110 cancérologues lancent un appel pour réduire le coût des traitements

C’est ce qui s’appelle « s’attaquer à du gros », 110 cancérologues français ont décidé de s’attaquer à l’une des industries les plus puissantes du monde, l’industrie pharmaceutique. Ils ont lancé mardi 15 mars un appel contre le prix jugé exorbitant de certains médicaments de lutte contre le cancer.

Ces médecins dénoncent des traitements, et des médicaments d’une valeur allant parfois jusqu’à 100 000 euros par an, et par patient. Le pire, selon ces médecins, est que l’immense majorité du prix de vente ne serait en fait que du pur bénéfice pour les laboratoires.

Afin d’alerter, et de sensibiliser l’opinion publique le professeur d’hématologie Jean-Paul Vernant, n’hésite pas à préciser, que l’industrie des médicaments rapporterait encore plus de bénéfices que l’industrie du luxe. « Il n’y a pas d’industrie au monde qui génère plus de bénéfice que l’industrie pharmaceutique. En 2012, LVMH a fait 11,5 % de son chiffre d’affaires en bénéfice. Sanofi a fait 23 %… »

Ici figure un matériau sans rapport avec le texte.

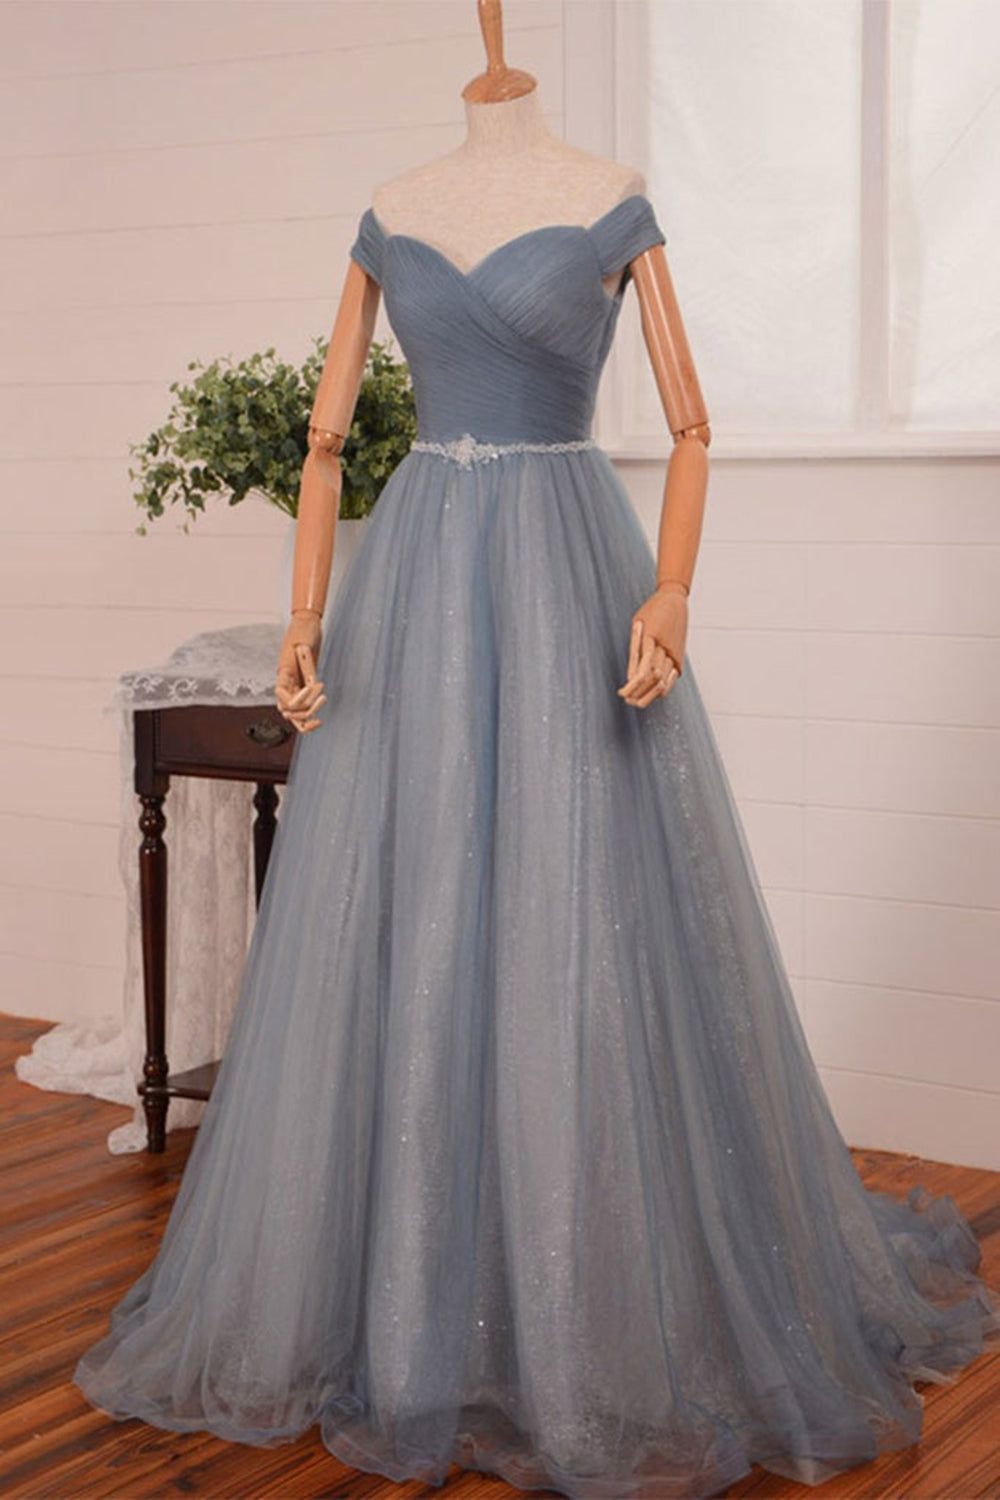 Simple Off Shoulder Gray Tulle Long Prom Dresses with Belt, Off the Shoulder Gray Formal Evening Dresses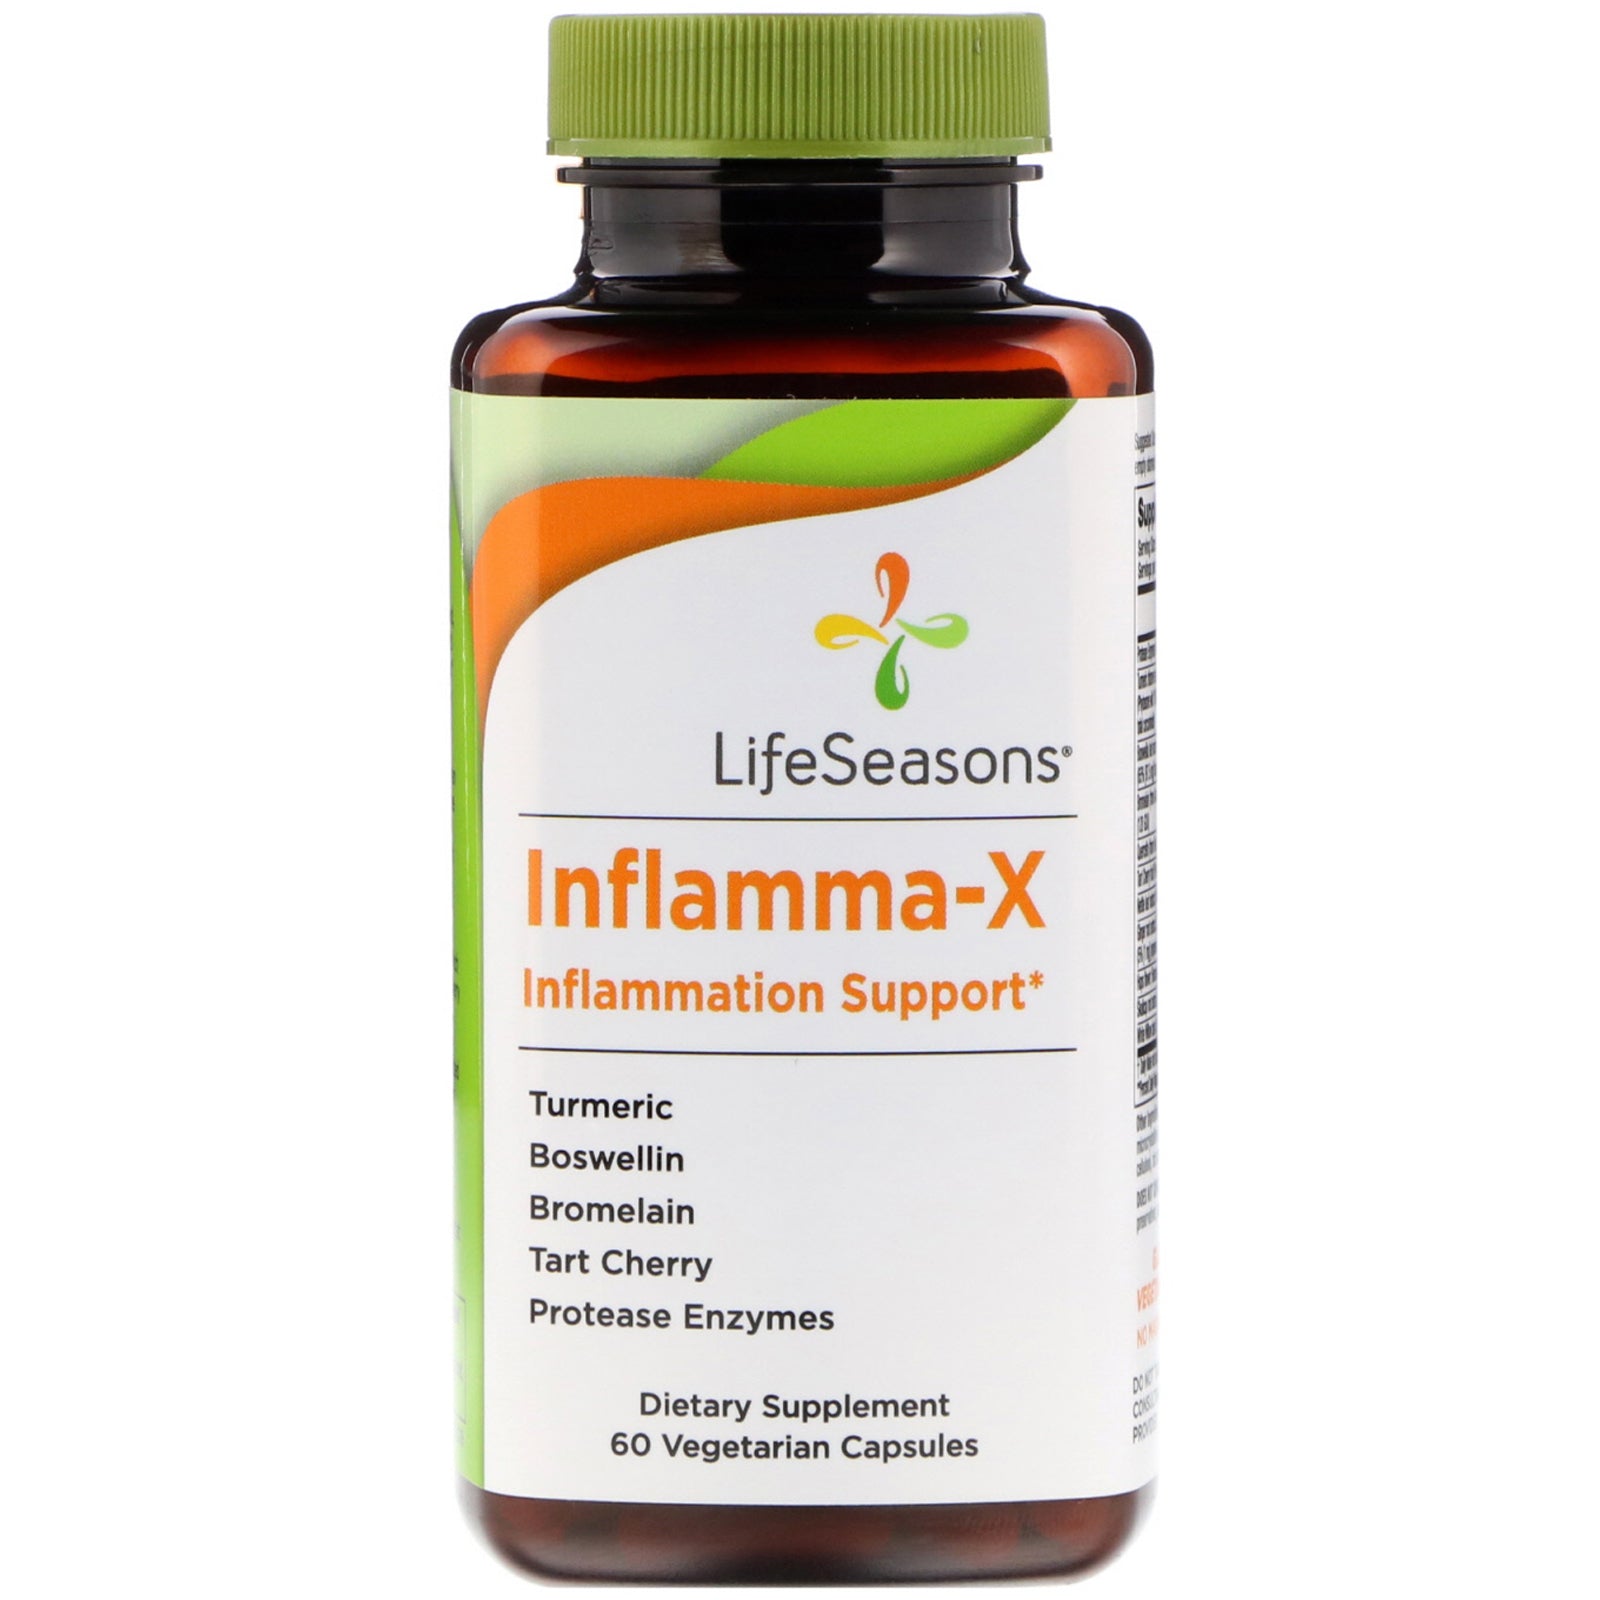 LifeSeasons, Inflamma-X, Inflammation Support, 60 Vegetarian Capsules

Comme d’habitude, pour justifier ses tarifs, et ses augmentations, les laboratoires invoquent des coûts importants de recherche et développement pour créer un nouveau médicament. Ils font remarquer que les prix sont à la hauteur de l’efficacité des traitements, et de l’amélioration des services rendus, un investissement pour de moindres dépenses, en quelque sorte.

Cependant, est-ce que cela justifie tout ? Notamment de tels excès. Le prix des antituberculeux apparus au milieu du XXe siècle n’a heureusement pas été défini en fonction des années de sanatorium, et des morts évités, fait remarquer le collectif de médecin.

L’industrie pharmaceutique calcule le prix d’un médicament en fonction de l’investissement qu’elle avait consacré à la recherche et au développement (R&D). Aujourd’hui, en ciblant mieux les domaines de recherches, et en profitant d’autorisations de mise sur le marché (AMM) très rapides, le coût de leur R&D a diminué, donc la R&D ne suffit pas à justifier les prix très élevés de ces nouveaux traitements.

En fait, les prix des nouveaux traitements du cancer sont surtout déterminés par le pouvoir d’achat des marchés visés. Cela explique les écarts de prix très importants observés d’un pays à l’autre. Cette pratique qui vise à optimiser les gains, pèse sur l’équité d’accès des patients, aux traitements innovants des cancers, et bien sûr sur les comptes de notre système de santé solidaire.

Il devient urgent, que la cupidité de quelques-uns, laisse la place à la santé de l’ensemble.